Ende 1799 zog Schiller mit seiner Familie nach Weimar. Trotz wiederkehrender Krankheit schrieb er in wenigen Jahren „Maria Stuart“, „Die Jungfrau von Orleans“, „Die Braut von Messina“ und „Wilhelm Tell“. 1802 wurde er in den Reichsadelsstand erhoben und führte fortan das „von“ im Namen. Friedrich Schiller starb am 9. Mai 1805 im Alter von 45 Jahren in Weimar. Sein letztes großes Dramenprojekt „Demetrius“ blieb unvollendet.
Schiller-Zitate
– Friedrich Schiller (Wilhelm Tell)»Dem Friedlichen gewährt man gern den Frieden.«
– Friedrich Schiller (Das Lied von der Glocke)»Wo rohe Kräfte sinnlos walten, Da kann sich kein Gebild gestalten.«
Schiller-Lebenslauf
Zeitleiste: Stationen und Ereignisse im Leben von Friedrich Schiller
| 1759 | Geburt am 10. November in Marbach am Neckar im Heiligen Römischen Reich (heute Deutschland) |
|---|---|
| 1782 | Schillers „Räuber“ lösen einen Skandal aus – Deutschlandfunk Kalenderblatt |
| 1784 | Friedrich Schillers „Kabale und Liebe“ wird in Frankfurt am Main uraufgeführt – Deutschlandfunk Kalenderblatt |
| 1787 | Schillers „Don Carlos“ uraufgeführt – Bayern 2 Kalenderblatt |
| 1790 | Heirat mit Charlotte von Schiller, geborene von Lengefeld |
| 1804 | Friedrich Schillers „Wilhelm Tell“ wird in Weimar uraufgeführt – Deutschlandfunk Kalenderblatt |
| 1805 | Tod mit 45 Jahren am 9. Mai in Weimar im Heiligen Römischen Reich (heute Deutschland) |
| 2055 | 250. Todestag am 9. Mai |
| 2059 | 300. Jubiläum des Geburtstages am 10. November |
Häufige Fragen zu Schiller
Fragen und Fakten über Friedrich Schiller
Wann wurde Friedrich Schiller geboren? Schiller wurde vor 267 Jahren im Jahr 1759 geboren.

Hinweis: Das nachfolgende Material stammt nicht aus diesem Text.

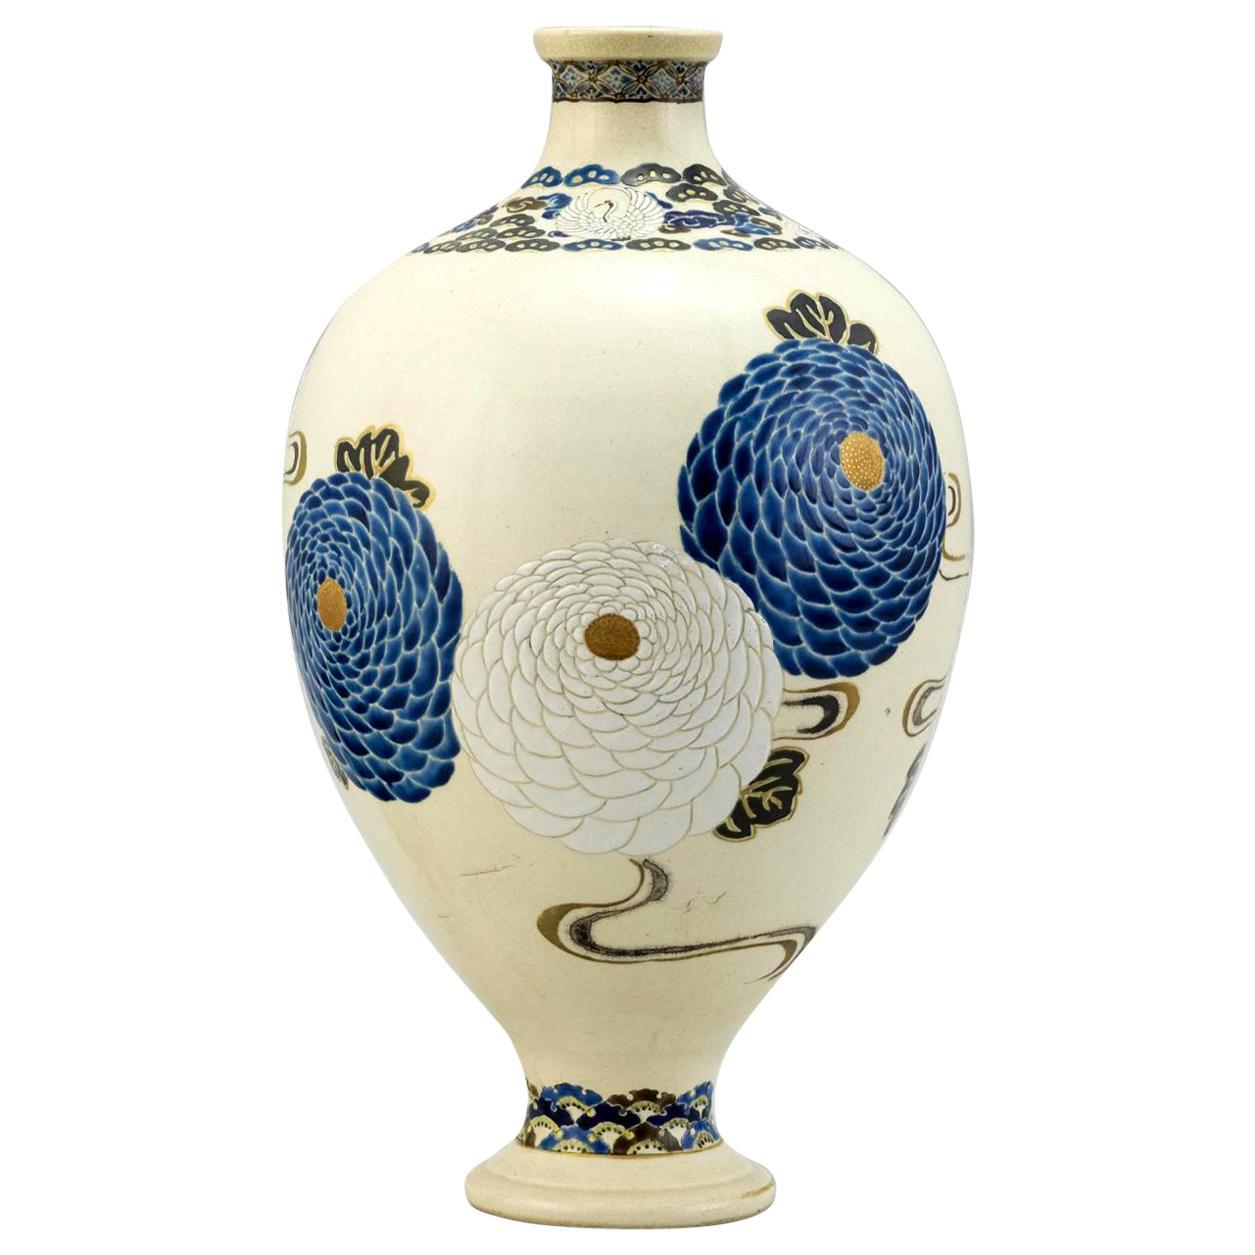 Japanese Satsuma Kyoto Ware Ceramic Vase Meiji Period

An welchem Tag wurde Schiller geboren? Friedrich Schiller hätte im Spätherbst am 10. November Geburtstag. Er wurde an einem Samstag geboren. In diesem Jahr fällt sein Geburtstag auf einen Dienstag.
Welches Sternzeichen war Schiller? Friedrich Schiller wurde im westlichen Tierkreiszeichen Skorpion geboren.

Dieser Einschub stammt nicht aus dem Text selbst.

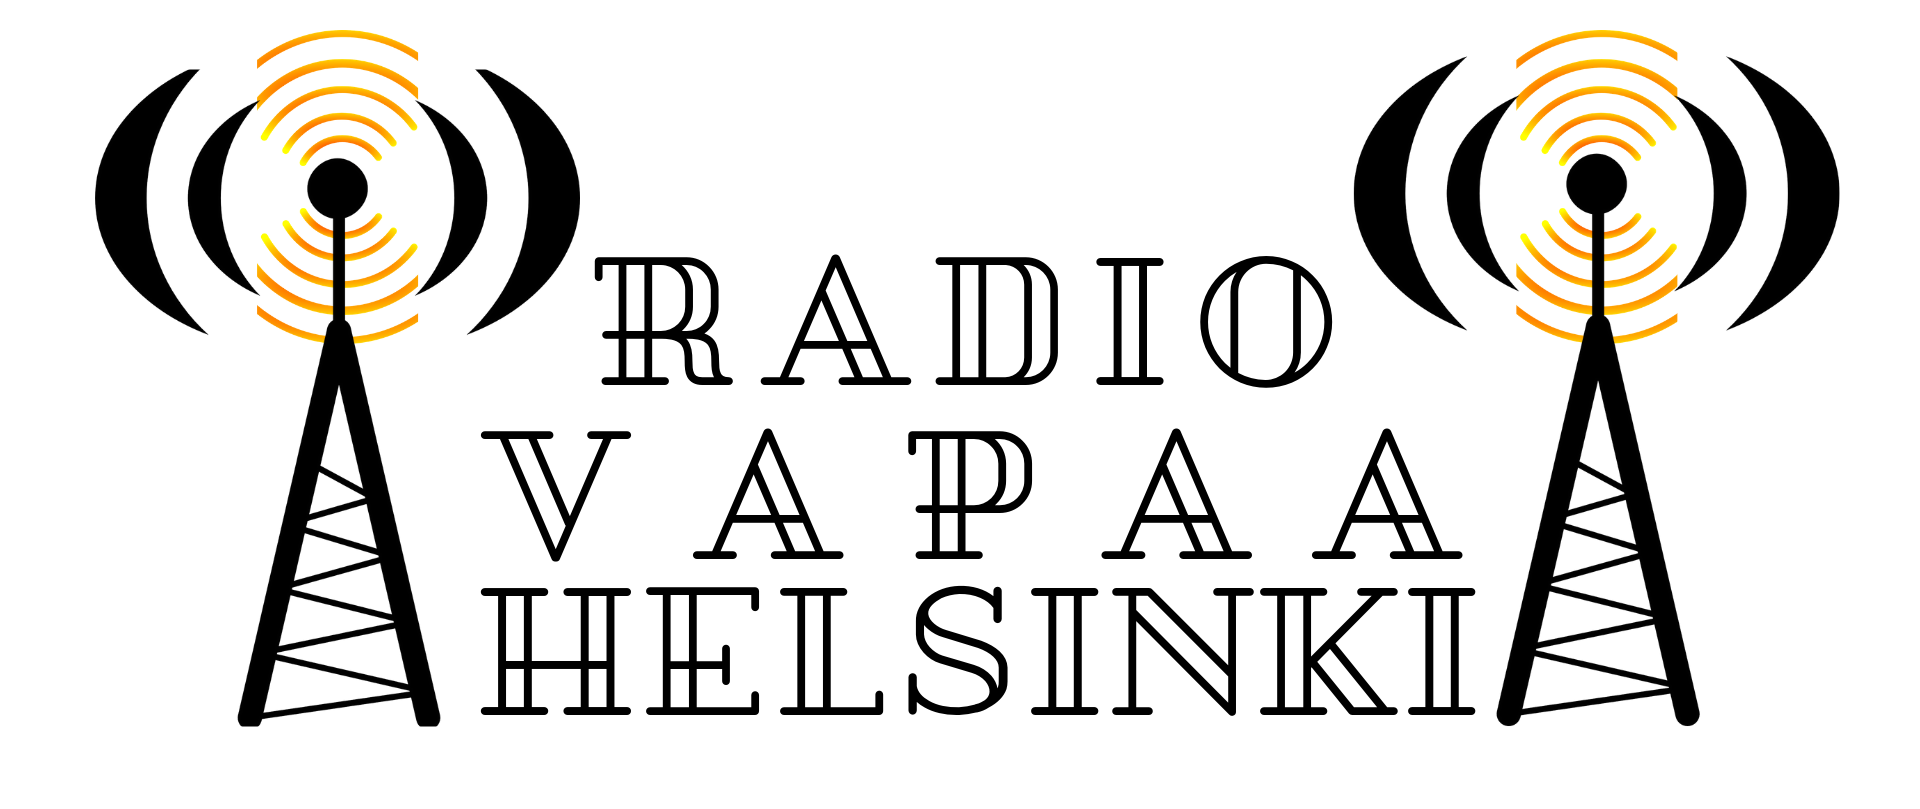 Logo for Radio Vapaa - Helsinki

Wo wurde Friedrich Schiller geboren? Schiller wurde in Deutschland geboren. Er kam in Marbach am Neckar im Heiligen Römischen Reich (heute Deutschland) zur Welt.

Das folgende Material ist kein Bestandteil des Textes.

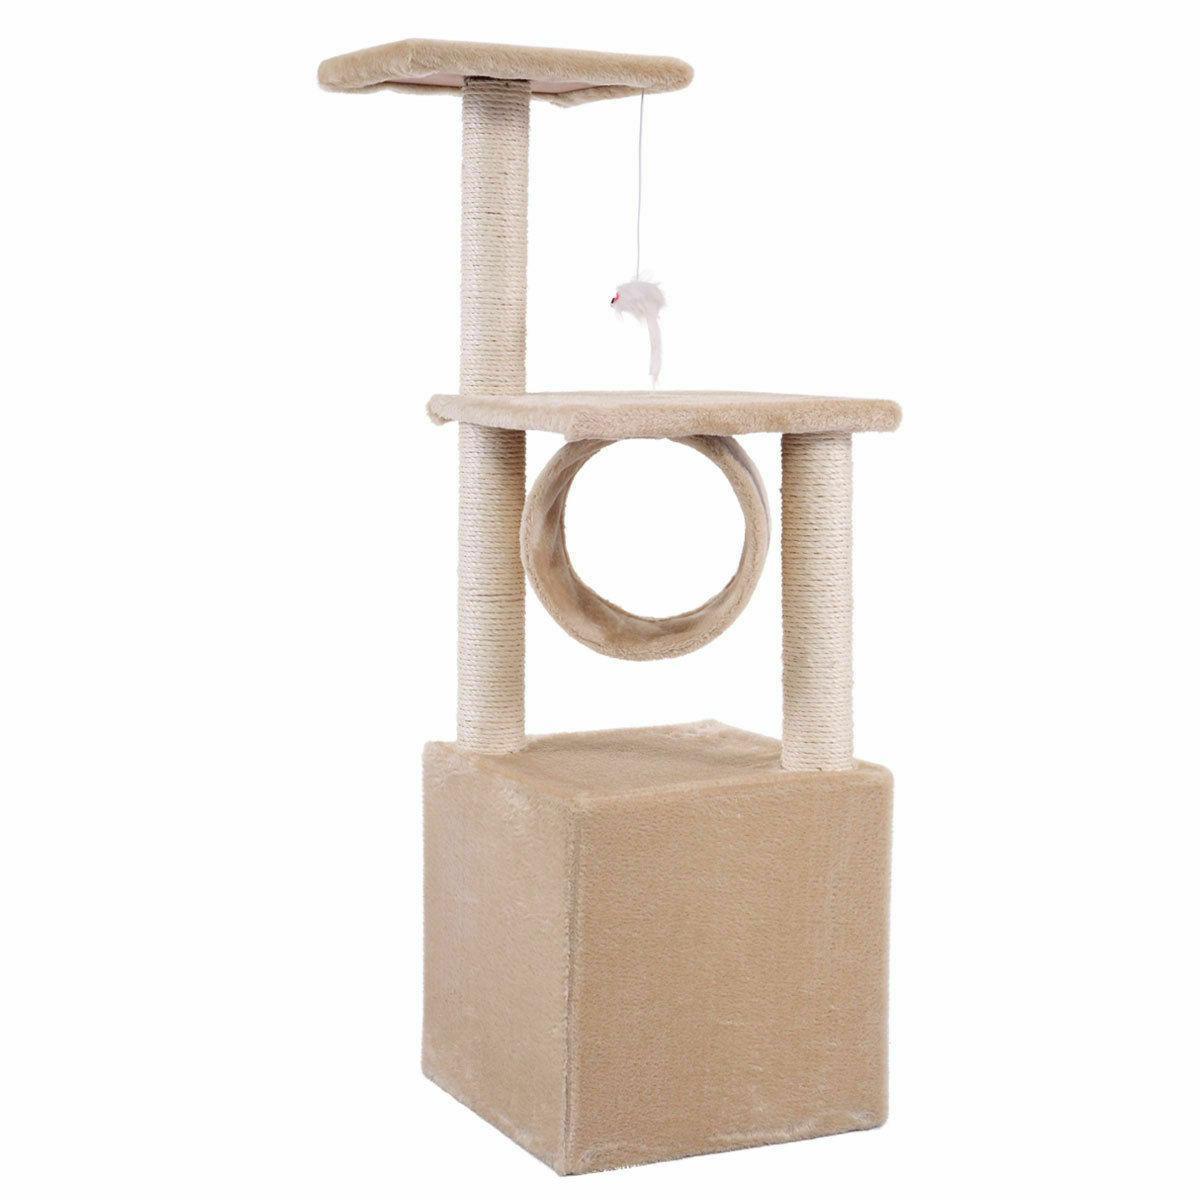 Deluxe Cat Condo Kitten Pet House with

Wann ist Schiller gestorben? Friedrich Schiller starb vor 221 Jahren zu Beginn des 19. Jahrhunderts am 9. Mai 1805, einem Donnerstag.
Wie alt war Friedrich Schiller, als er starb? Friedrich Schiller wurde 45 Jahre, 5 Monate und 29 Tage alt.
Wie groß war Schiller? Friedrich Schiller hatte eine Körpergröße von etwa 1,80 Meter.